Это невыносимо светлое будущее (Терехов) - страница 95

Виктория Шохина в «Независимой газете»: «…Он и появился на факультете где-то в начале 70-х, и было ему тогда сорок с небольшим. Говорили, что до этого он работал только в архивах и библиотеках. В облике этого человека была какая-то обаятельная старомодность. Будто пришел он из другого времени. В сущности, так оно, наверное, и было – по-настоящему своим временем оставался для него XIX век. Трость, манера говорить, не повышая и не понижая голос, невозмутимость и терпимость ко всем придурям журфаковцев…

Он вообще был весьма снисходителен к нам. Порой даже казалось, что слишком снисходителен! На экзамене студент мог сказать, что не стал читать Достоевского, потому что тот ему непонятен. И профессор не прогонял его, не возмущался, но начинал объяснять Достоевского. В полную силу, совершенно серьезно. И в конце концов каждый уносил от него столько, сколько мог унести.

Потом я узнала, что наш профессор и поэт Эдуард Бабаев – одно и то же лицо. Потом прочитала его воспоминания о встречах с Ахматовой в Ташкенте. Но для меня он так и остался старорежимным Профессором из т о г о времени… Однако ровно год назад, на вечере «Вопросов литературы», он, единственный из выступавших авторов журнала, проявил адекватное понимание времени и культуры, в которых мы все оказались: «Актеры на авансцене не видят, что там у них за спиной разрушается. Унесли небо, унесли реку. Дерево уносят. А они все играют…»

И вот он умер».

Бабаев показал мне, как он сказал: «Они все играют, а там уже деревья унесли, реку уносят. Землю! НЕБО уносят! А они все играют». Вот, написал это еще раз (хоть сто), а все равно бессилен передать, что это значило.

У меня не было знакомых в десятилетия гниющей «Литературной газете», я не знал, кому звонить, туда подвигали некролог братья-писатели – главное, итоговое по имперскому порядку полагалось там – и вдруг: нет, ничего не будет.

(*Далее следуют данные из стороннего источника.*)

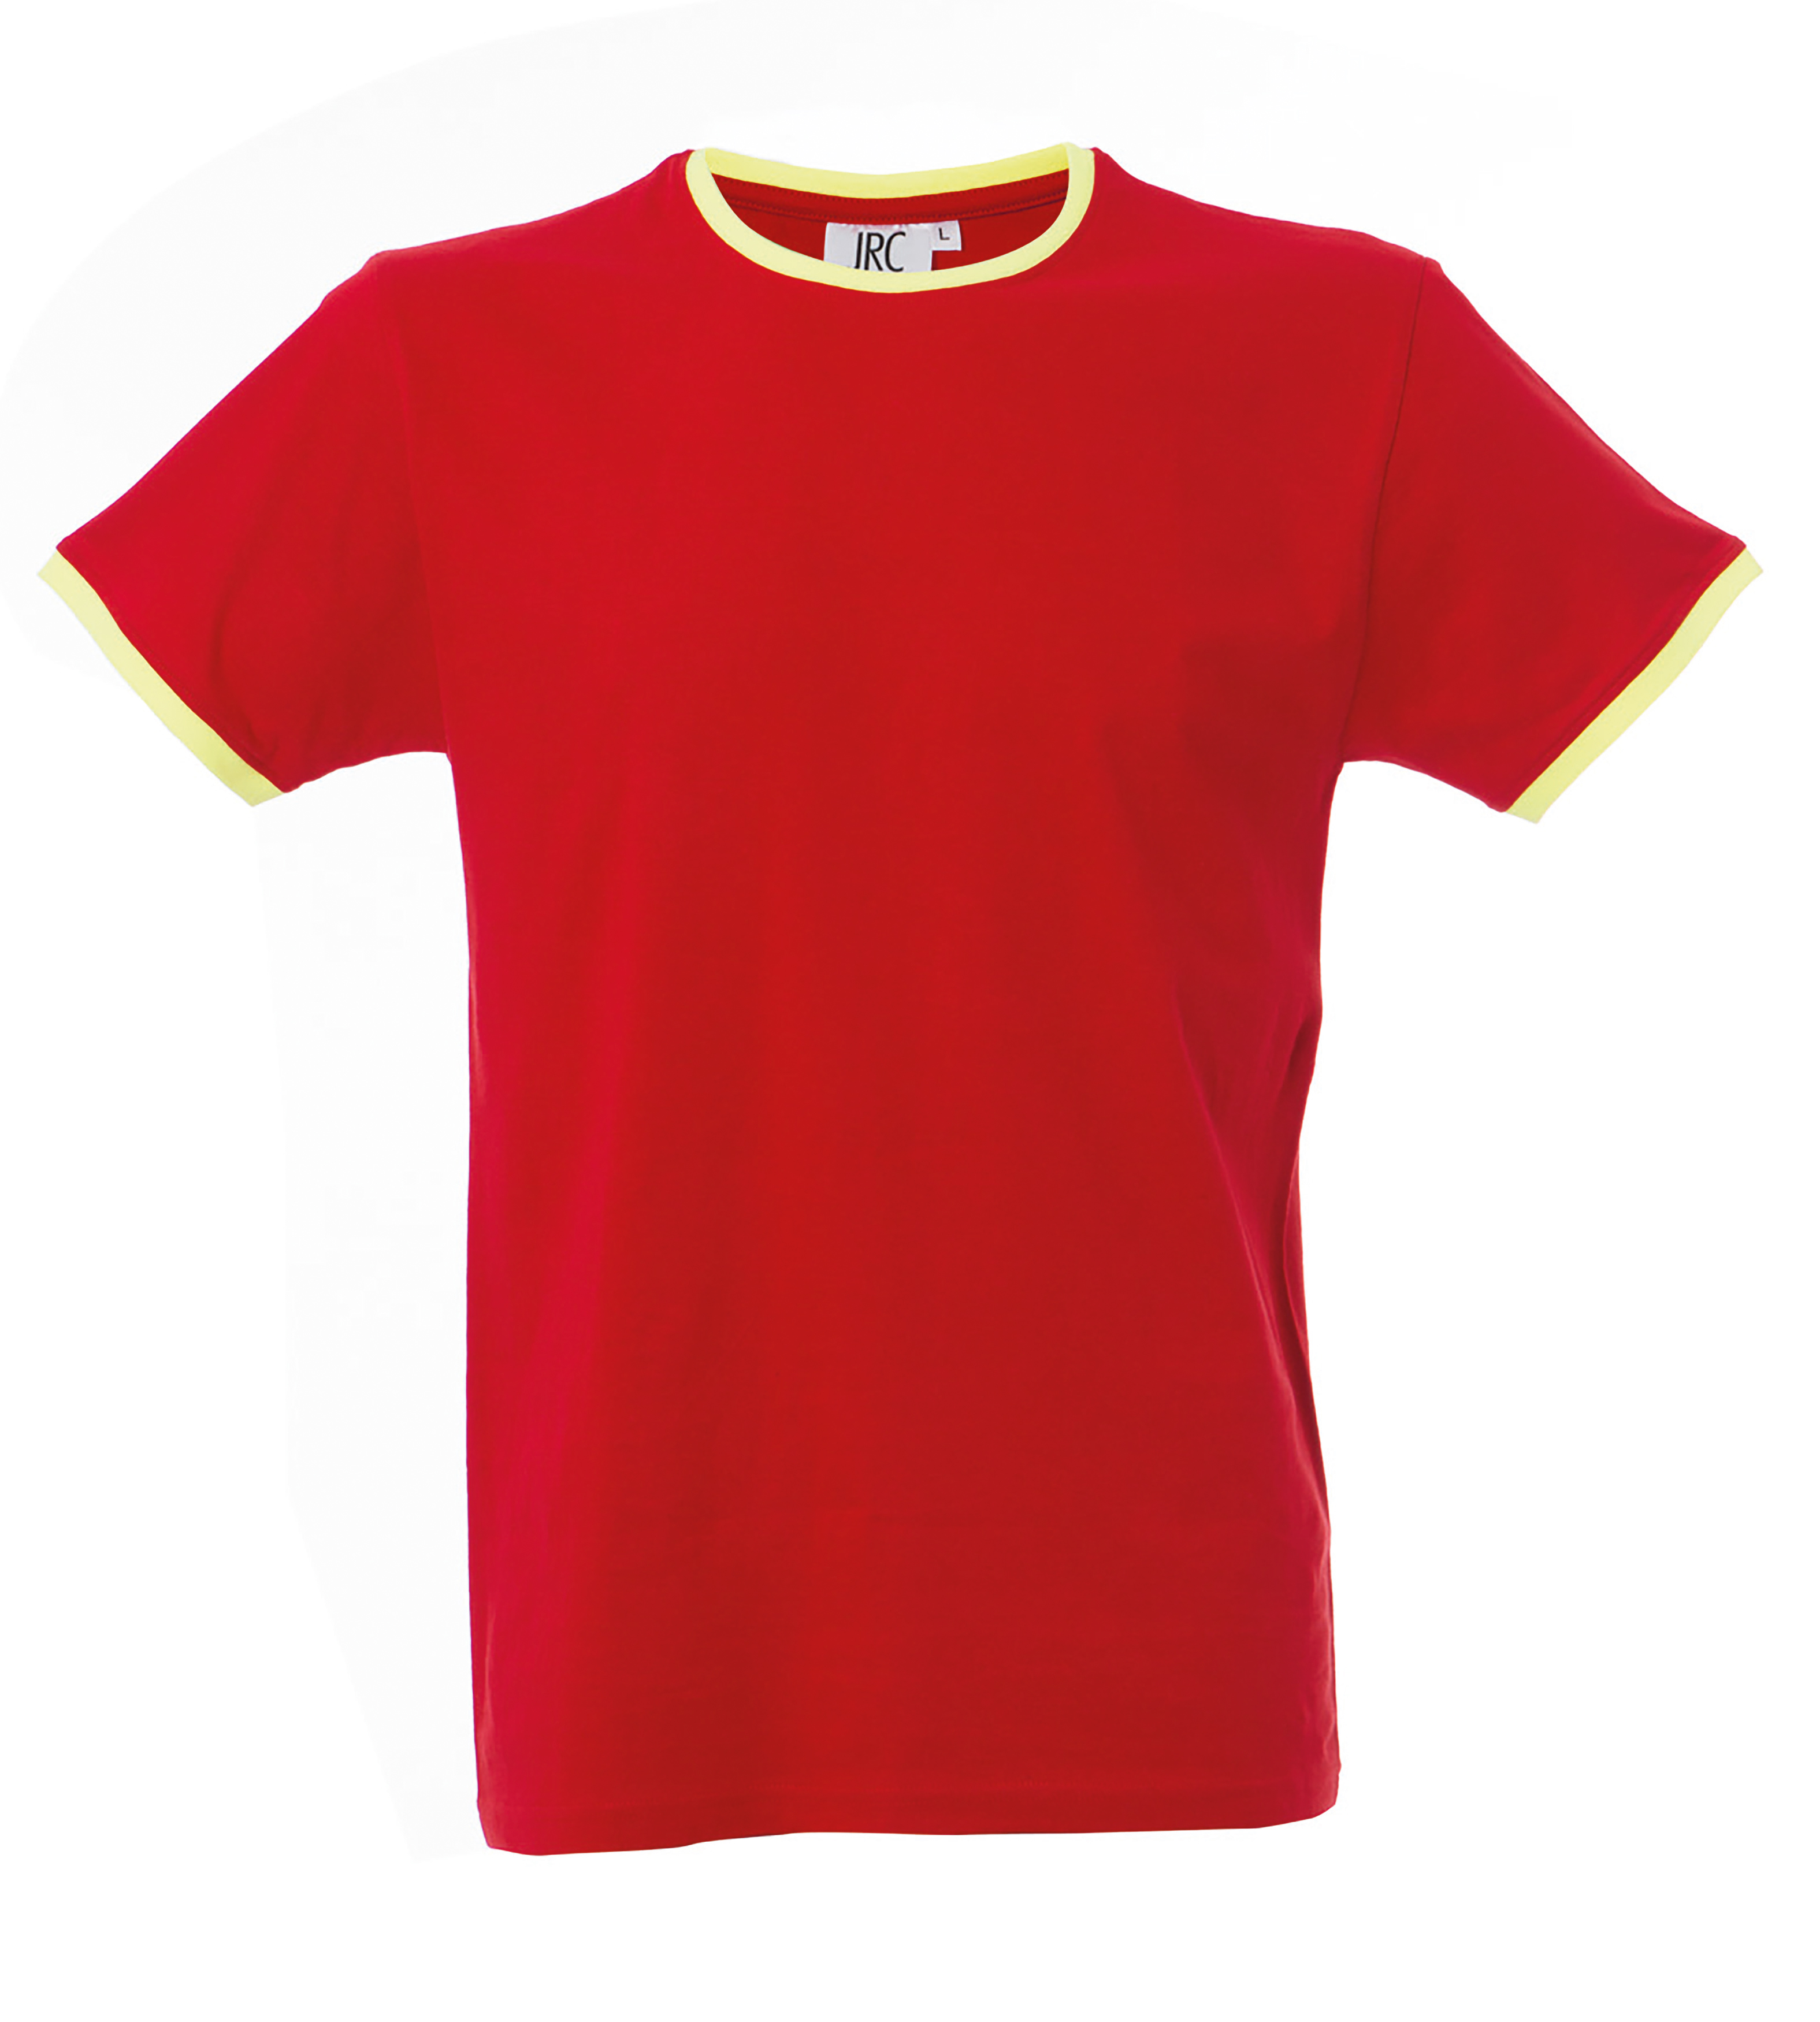 T-shirt Lipsia (variante colore: red)
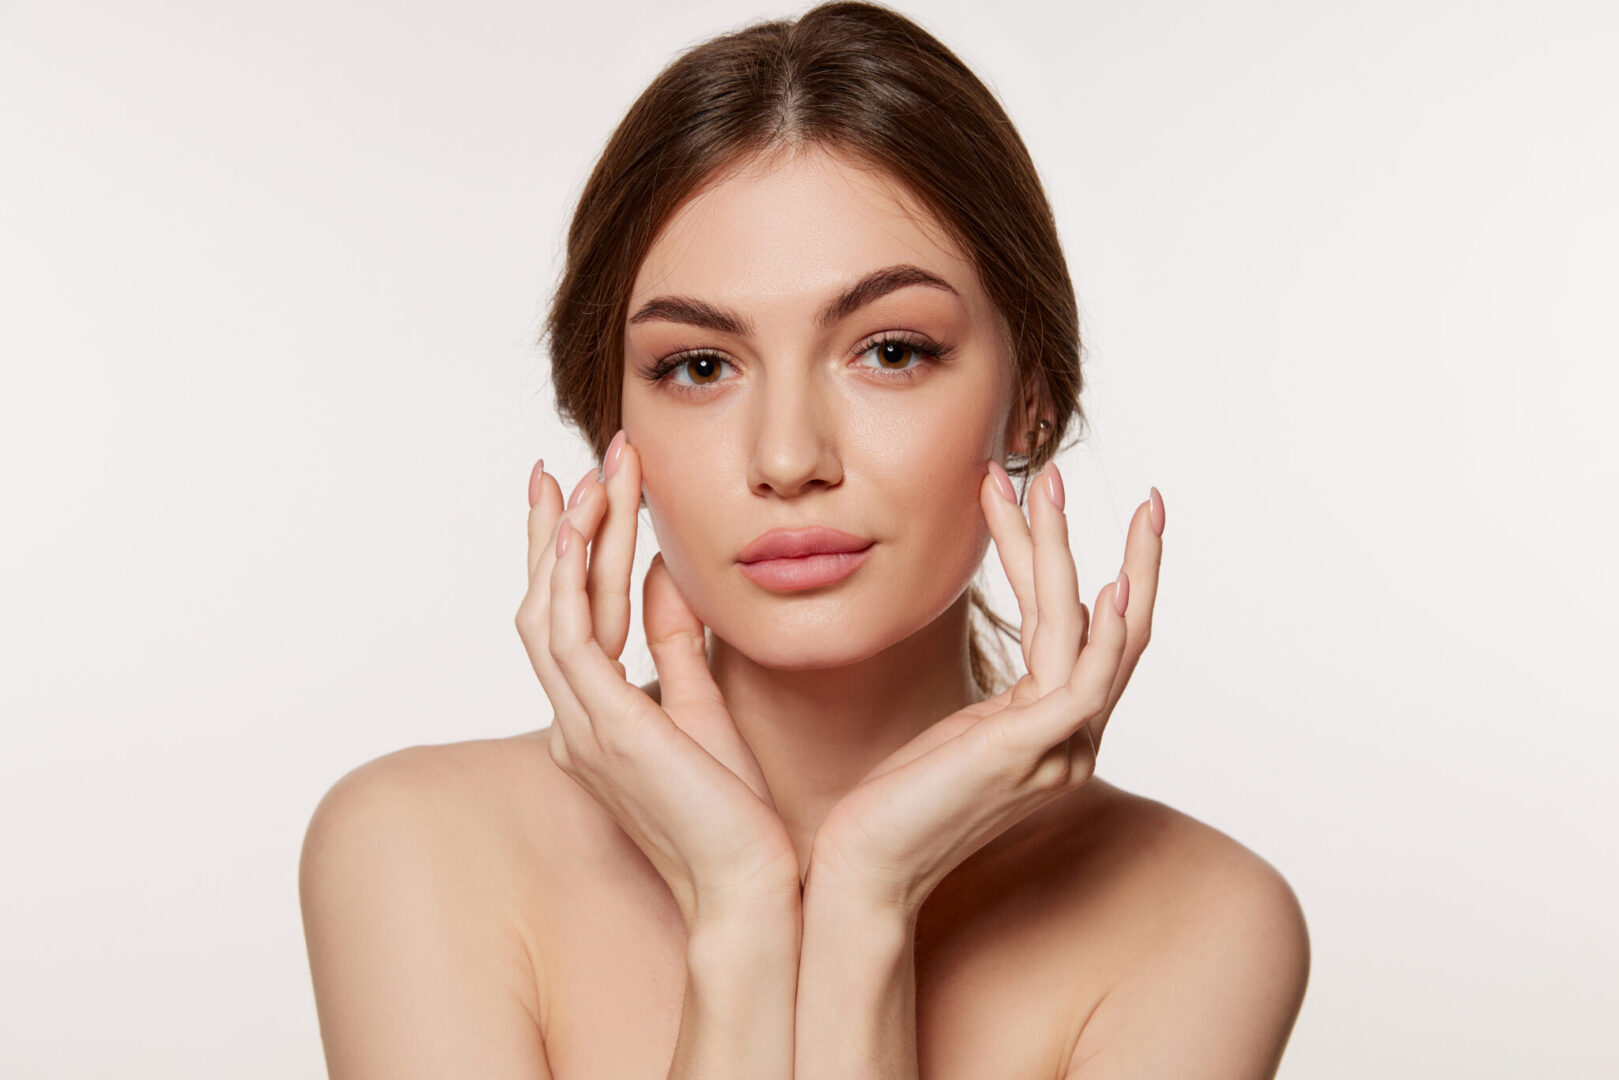 Facial cosmetic surgery with Aspire Surgical in Salt Lake City, UT

Меня затрясло: почему?! Некто Кривицкий (служил в том полку с фараоновых времен свирепый старец по фамилии Кривицкий, навряд ли жив) сказал: «Я не знаю такого писателя». Жизнь часто предлагала Эдуарду Григорьевичу унижающие обстоятельства – и он не вырвался, даже умерев, – я шептал, на ночь глядя: скотина, урод, что же ему сделать такого же – как бы посмеялся Бабаев или поплакал, узнав: «Литературная газета» не напишет – ни слова, никто не учтет вспаханные поля и высаженные яблони, и не найдется тяжеловесных подписей, которые, сплывшись в алфавитный порядок орденоносной и всенароднолюбовной силою, ракетоносителем подымут, метростроевским щитом пробурят и горячей буханкой бухнут на полполосы любой текст – некролог перелетел в «Московские новости», я неделю ненавидел Кривицкого, а теперь забыл, «Литературная газета» извернулась траурным объявлением размером в троллейбусно-автобусный билет или бритвенное лезвие доколониальных времен: «Ректорат и факультет журналистики МГУ имени М.В. Ломоносова с глубоким прискорбием извещают о кончине писателя, доктора филологических наук, профессора Московского университета БАБАЕВА ЭДУАРДА ГРИГОРЬЕВИЧА и выражают искренние соболезнования его родным и близким» – по «университетской линии», «в том смысле, что», русская, советская и российская литература к покойному отношения не имеет.